I have used BM, mostly eggshell, for several years but was surprised to read about the differences from the paint store vs canadian tire. I usually buy from ct when it is on sale and save $5-7 a gallon. I have been very happy with it, covers well. I usually buy the best one or one below. Have bought cheap paint over the years but it doesn't cover.


----------



## VLT (Jan 1, 2017)

That's good if it's working for you. Paint companies have a variety of products with a range in quality. The Canadian Tire/Benjamin Moore product is probably a decent product with a reliable colour match. BM wouldn't put their name on a product without the quality being good but it might be equivalent to their contractor quality.


----------



## Mechanic (Oct 29, 2013)

Thanks for the heads up VLT. I will certainly be taking another look when it's time to buy paint again. A few $ more per gallon isn't going to have a huge impact.


----------



## VLT (Jan 1, 2017)

I've confirmed that Benjamin Moore makes a product specifically for Canadian Tire that compares with their contractor grade. It's interesting that colour names are different from their own (dealer) products.


----------



## RCB (Jan 11, 2014)

I don't understand why so many dislike Behr, I love working with it in both my home and rentals. It has great coverage and is durable. We painted neutrals on our main floor 10 years ago, and it still looks like new, even raising two kids. As for coverage, I'm in the process of painting a whole house that we just re-drywalled, each room having one dark or intense colour. I used Speedhide white primer, and the dark colours of the Behr are providing complete coverage with only one coat, except for deep red, which required two coats because I wasn't using enough light when painting. No tinted primers used for anything.

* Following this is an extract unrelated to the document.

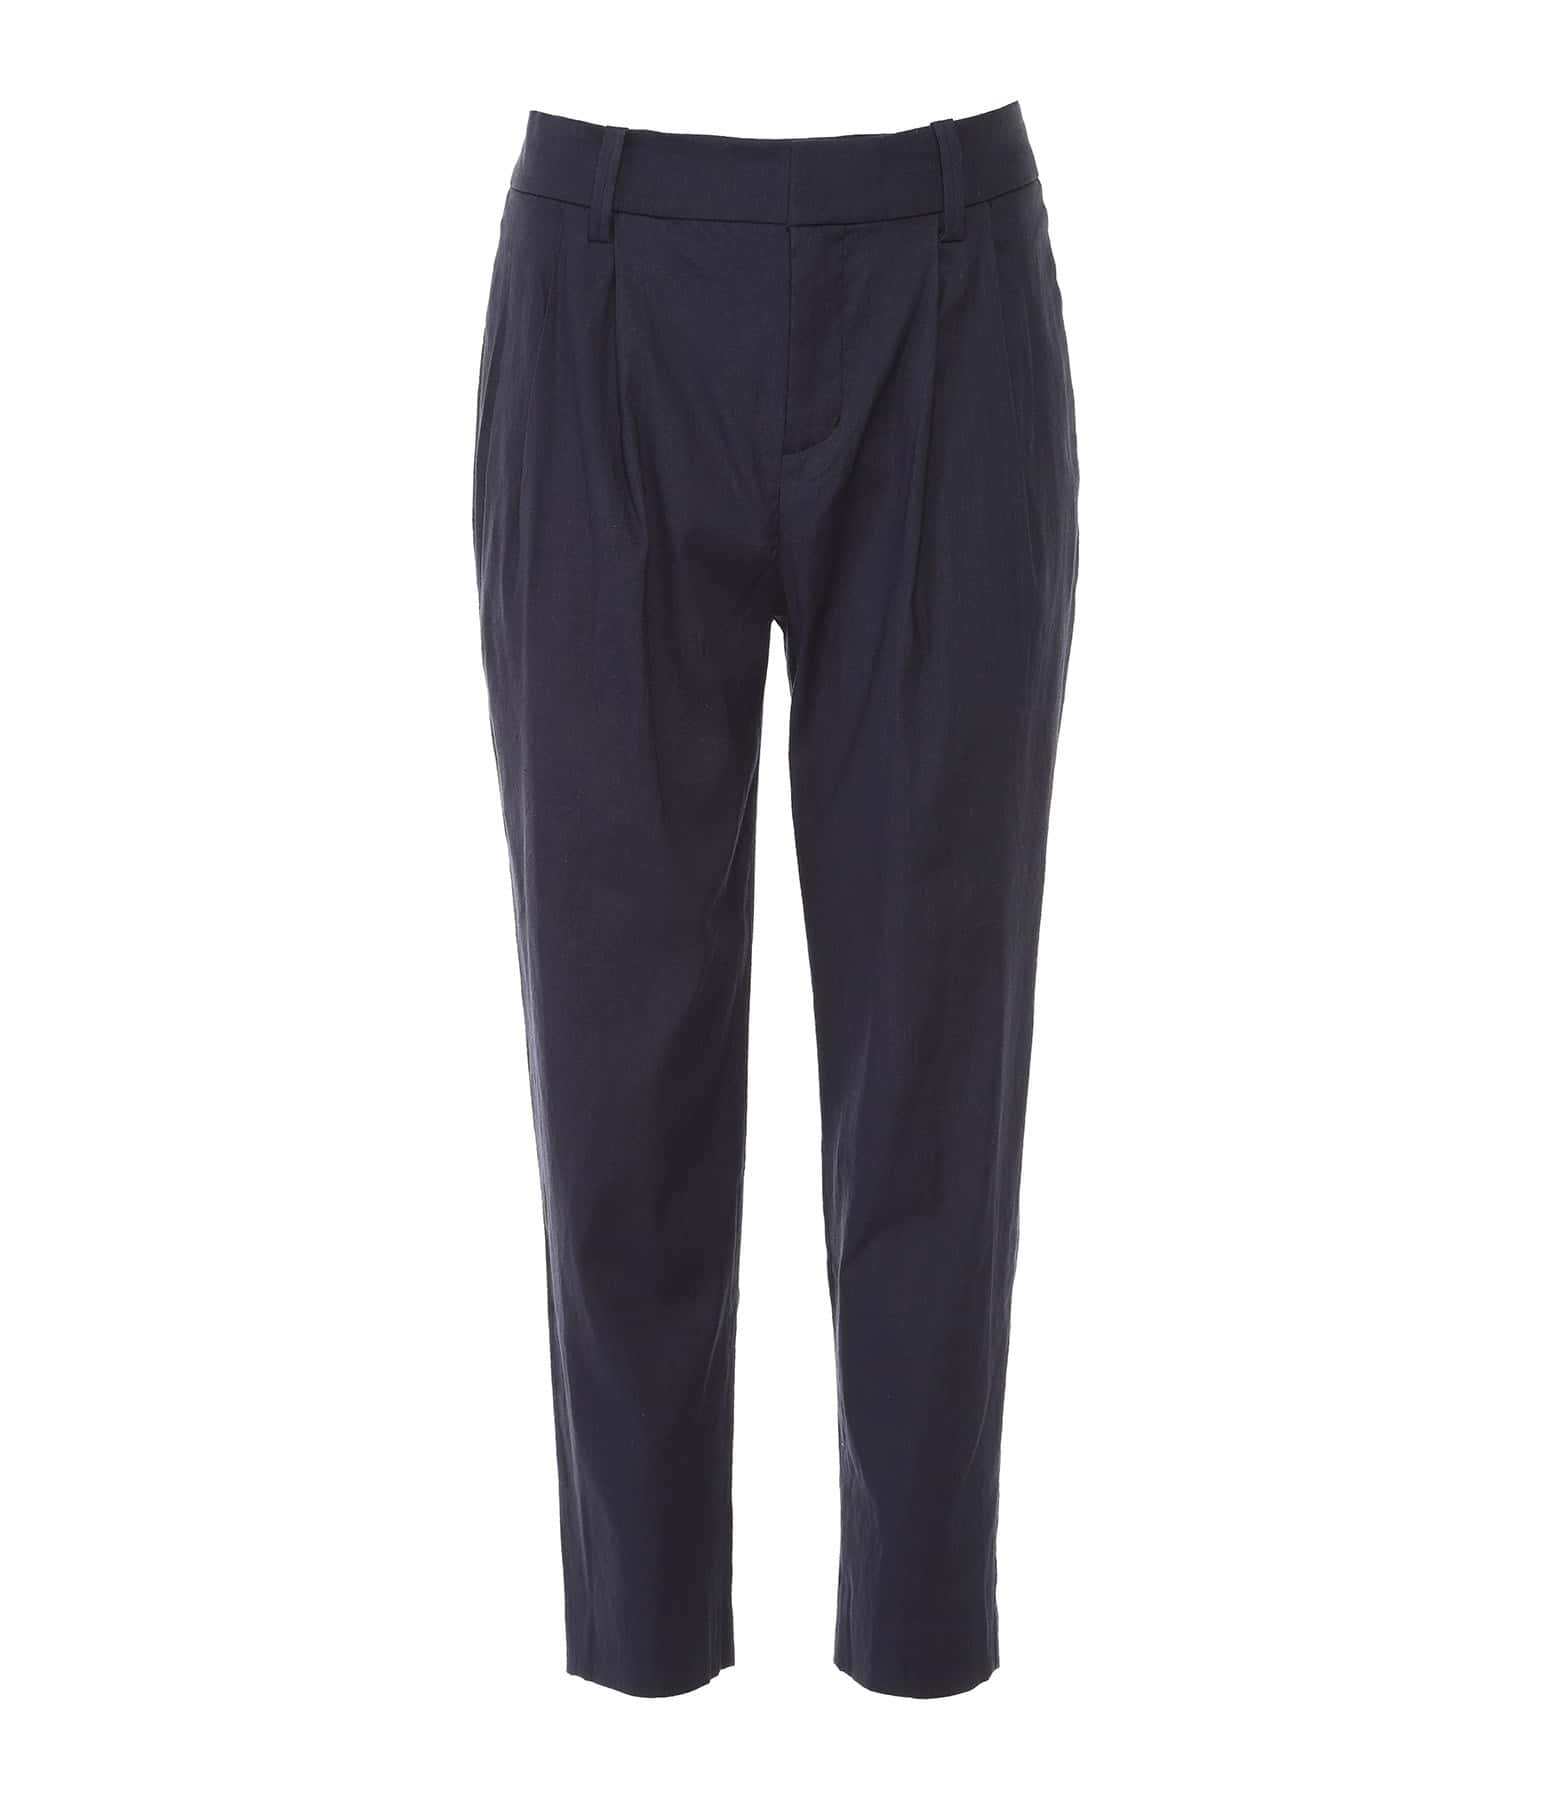 VINCE - Pantalon Taille Haute Bleu Marine

The Behr white in eggshell has held up wonderfully in the student rentals, and they are hard on walls. Extremely scrubbable. One front porch/entry they have hands on walls, crud on the lower walls from winter salt and sand, food on walls from keeping recycling and garbage there. I swoop in at the end of the lease and can have those porch walls looking like new in 5 minutes, painted 5 years ago.

I have always used eggshell, except for this new house where I used flat everywhere except bathrooms. Too many windows bringing in light from multiple directions to bounce around on the walls. I may come to regret that decision, but we'll only be two adults there.


----------



## Earl (Apr 5, 2016)

Is there really any point in paying more for "higher quality" paint? I used Beauti-tone from Home Hardware to paint one of my bedrooms, it was $18 per 3.64L can, the cheapest paint I could find, and the room turned out fine.


----------



## lonewolf :) (Sep 13, 2016)

I think consumer reports does testing of paints. Should be able to get free @ library


----------



## olivaw (Nov 21, 2010)

Late - but my vote goes to Benjamin Moore. The paint goes on easily and wears well. 

Consumer Reports appears to like the Behr Marquee from Home Depot. I'll stick with Benjamin Moore.


----------